The lower rates of rescue therapy, muscle and joint pain and respiratory problems in the SSRI group indicated the better safety and tolerability of SSRIs. These results suggest that prophylactic SSRIs reduce the occurrence of these two adverse events associated with PEG-IFN-α/RBV combination therapy in patients with CHC. However, the pooled rate of dizziness was higher in the SSRI group than the placebo group, which was consistent with the results of each separate trial. This reminds clinicians to pay more attention to the occurrence of this adverse event when prophylactic SSRIs are administrated to patients with CHC. Therefore, prophylactic SSRIs did not worsen most adverse events apart from dizziness. Moreover, adverse events (e.g. diarrhea, headache, and sleep disturbance) were not increased as a result of concurrent administration of antiviral therapy and SSRIs. Although it was reported that citalopram could be safely used during IFN treatment in patients with CHC 
, there were risks of using SSRIs during IFN treatment, because CHC may alter the pharmacokinetics of SSRIs. Therefore, SSRI dose may require adjustment to optimize the treatment 
We need to emphasize that according to our clinical experience and inclusion criteria, the optimal candidates for SSRI prophylaxis are CHC patients with concurrent subsyndromal depression symptoms (such as insomnia and anxiety) or a history of past major depressive disorders and eligibility for PEG-IFN-α/RBV treatment.
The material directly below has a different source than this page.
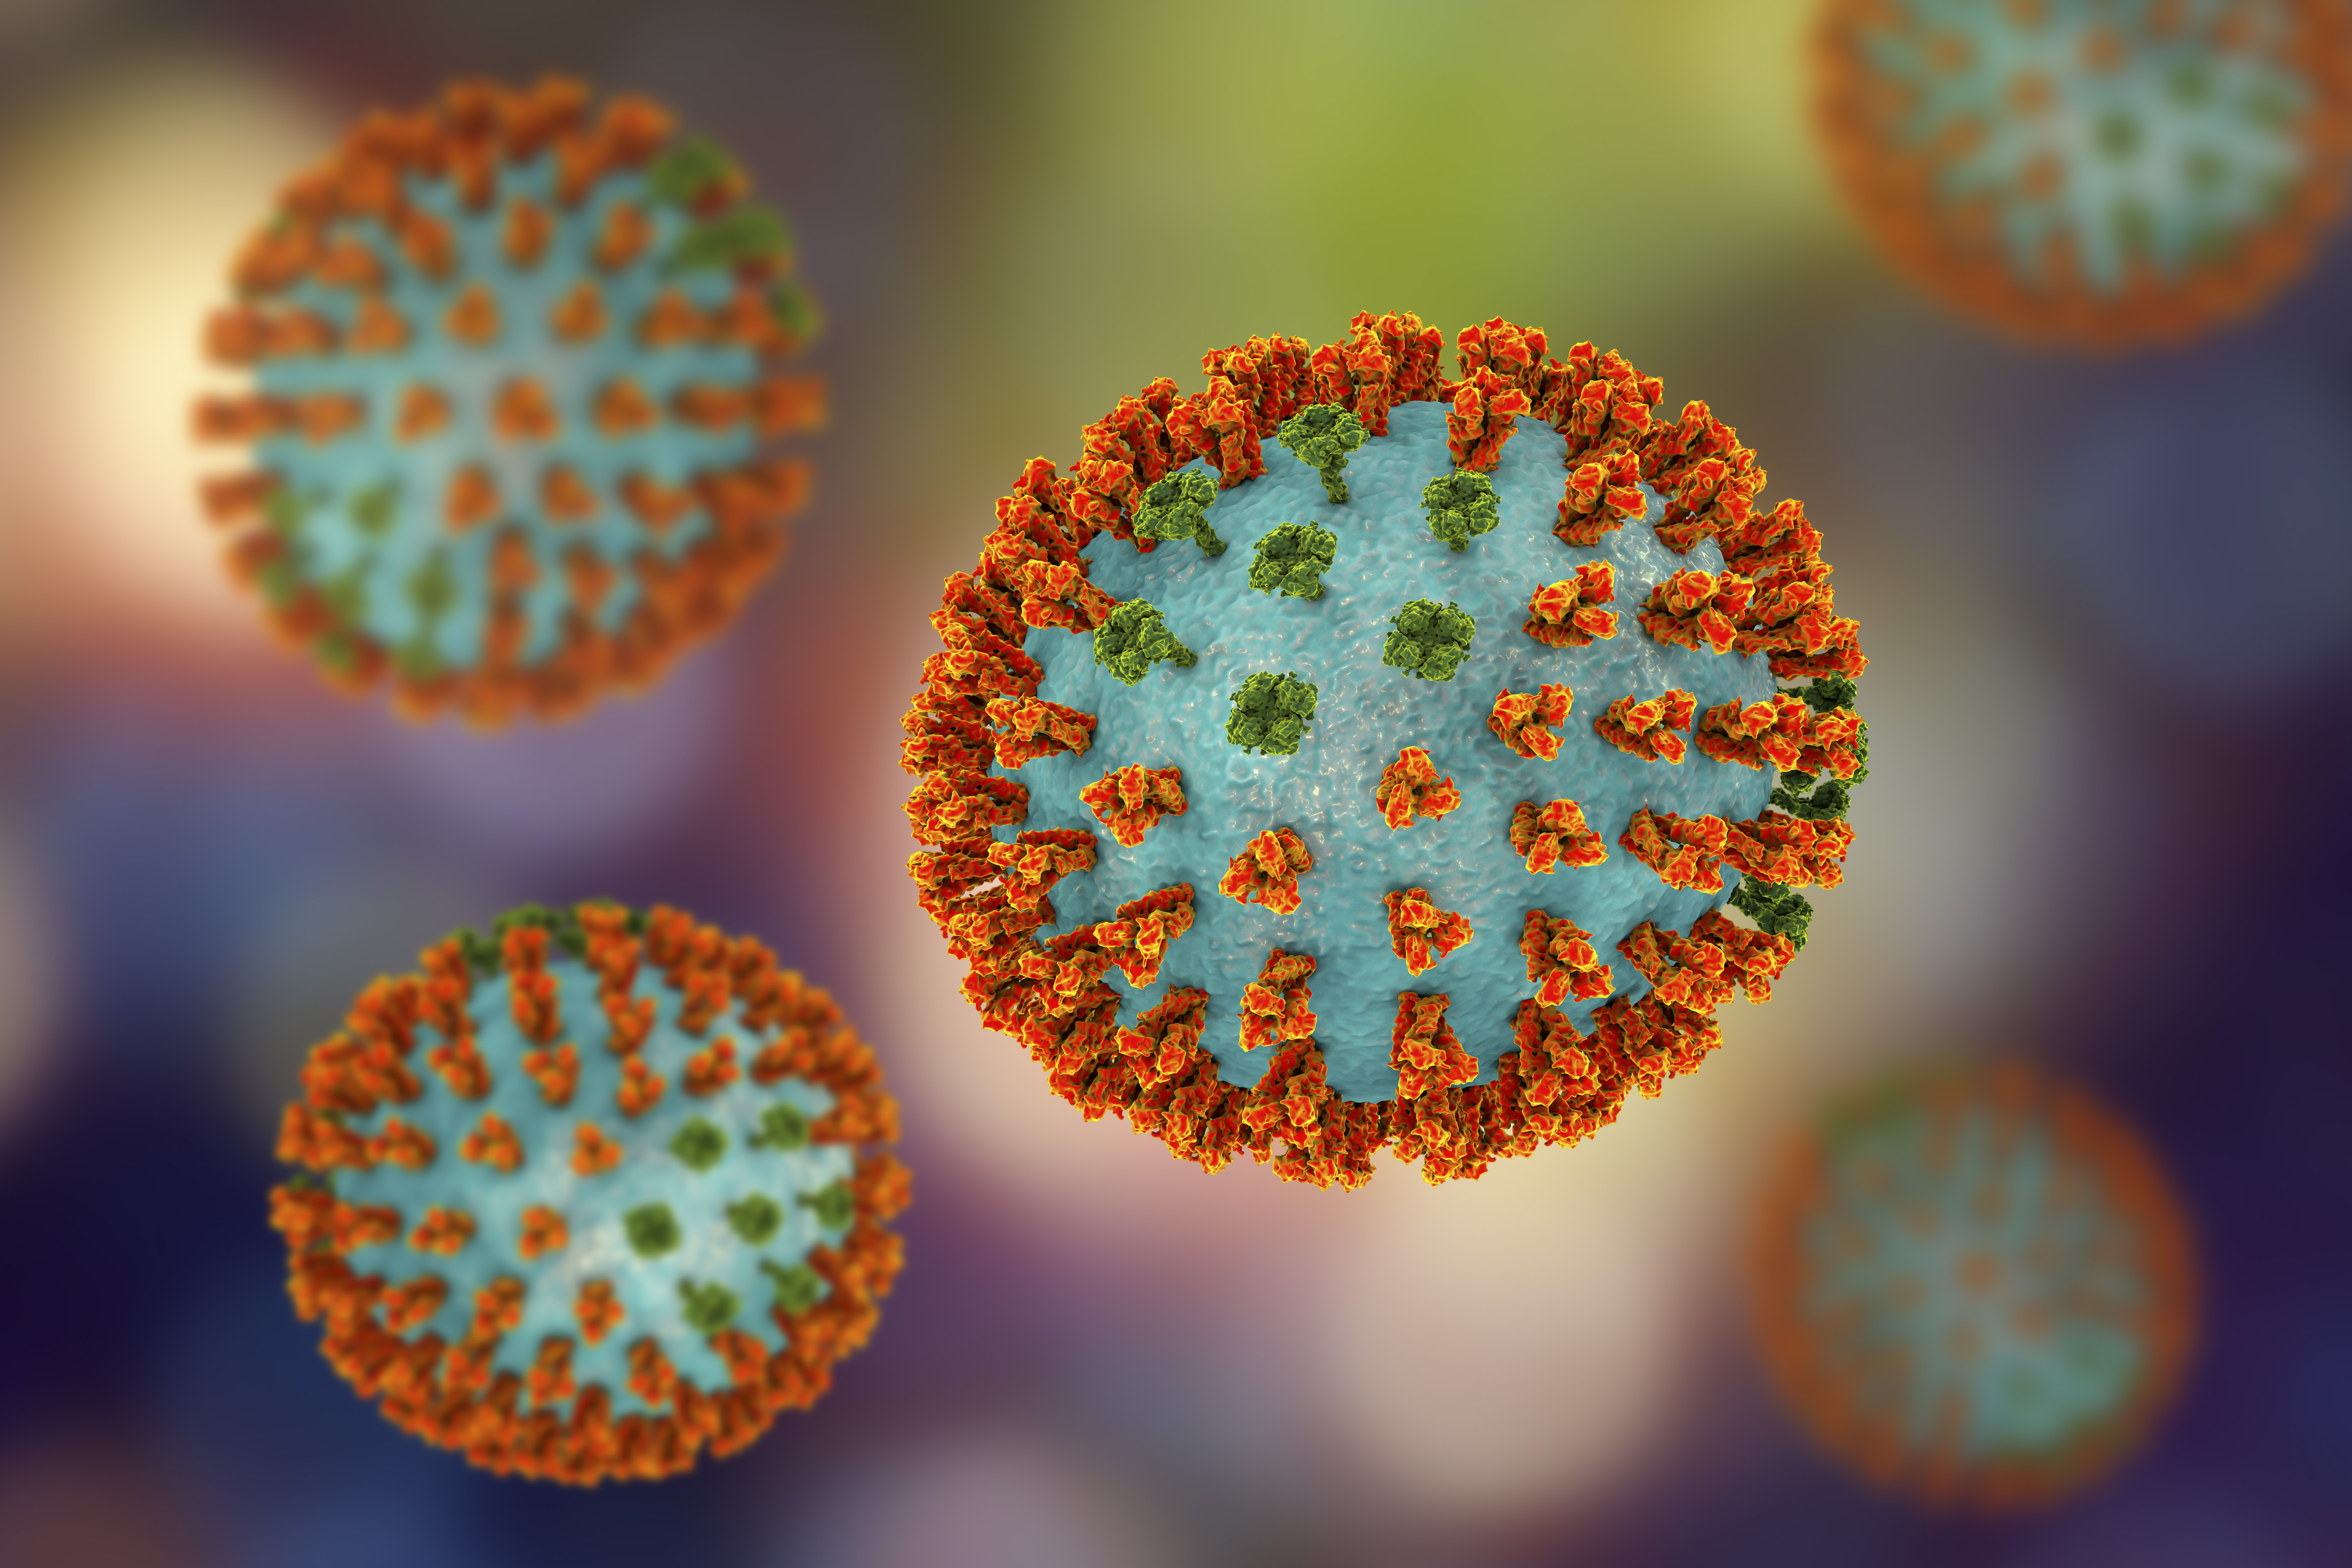 A H3N2 3D modellje a felszínét borító, narancssárgára színezett hemagglutinin és zöldre színezett neuroaminidáz glükofehérje-tüskékkel. A hemagglutinin tüskék révén csatlakozik a vírus az emberek légúti sejtjeihez, a neuroaminidáz pedig az újonnan termelt vírusrészecskék kibocsátásában játszik szerepet.

There were several limitations to our study. First, only six eligible RCTs were included, and we were limited by data availability. Second, sample sizes in most of the trials were small and included <50 subjects. Third, the possibility of omission of unpublished or ongoing studies still exist, although publication bias was not found according to the funnel plots and the Begg–Mazumdar test. Fourth, possible variation in the definition of depression and severity of depression were present in the studies included in our analysis, although the criteria for diagnosis and severity of depression were similar in all studies. These defects may weaken our results. Further analysis of increased numbers of multicenter RCTs with larger sample sizes are warranted to evaluate comprehensively the true value of prophylactic SSRIs to prevent PEG-IFN-α/RBV-associated depression during antiviral therapy in patients with CHC.
Despite these limitations, our meta-analysis of double-blind, placebo-controlled RCTs shows that prophylactic SSRIs can significantly reduce the incidence of PEG-IFN-α/RBV-associated depression in patients with CHC, with good safety and tolerability and without reduction of SVR.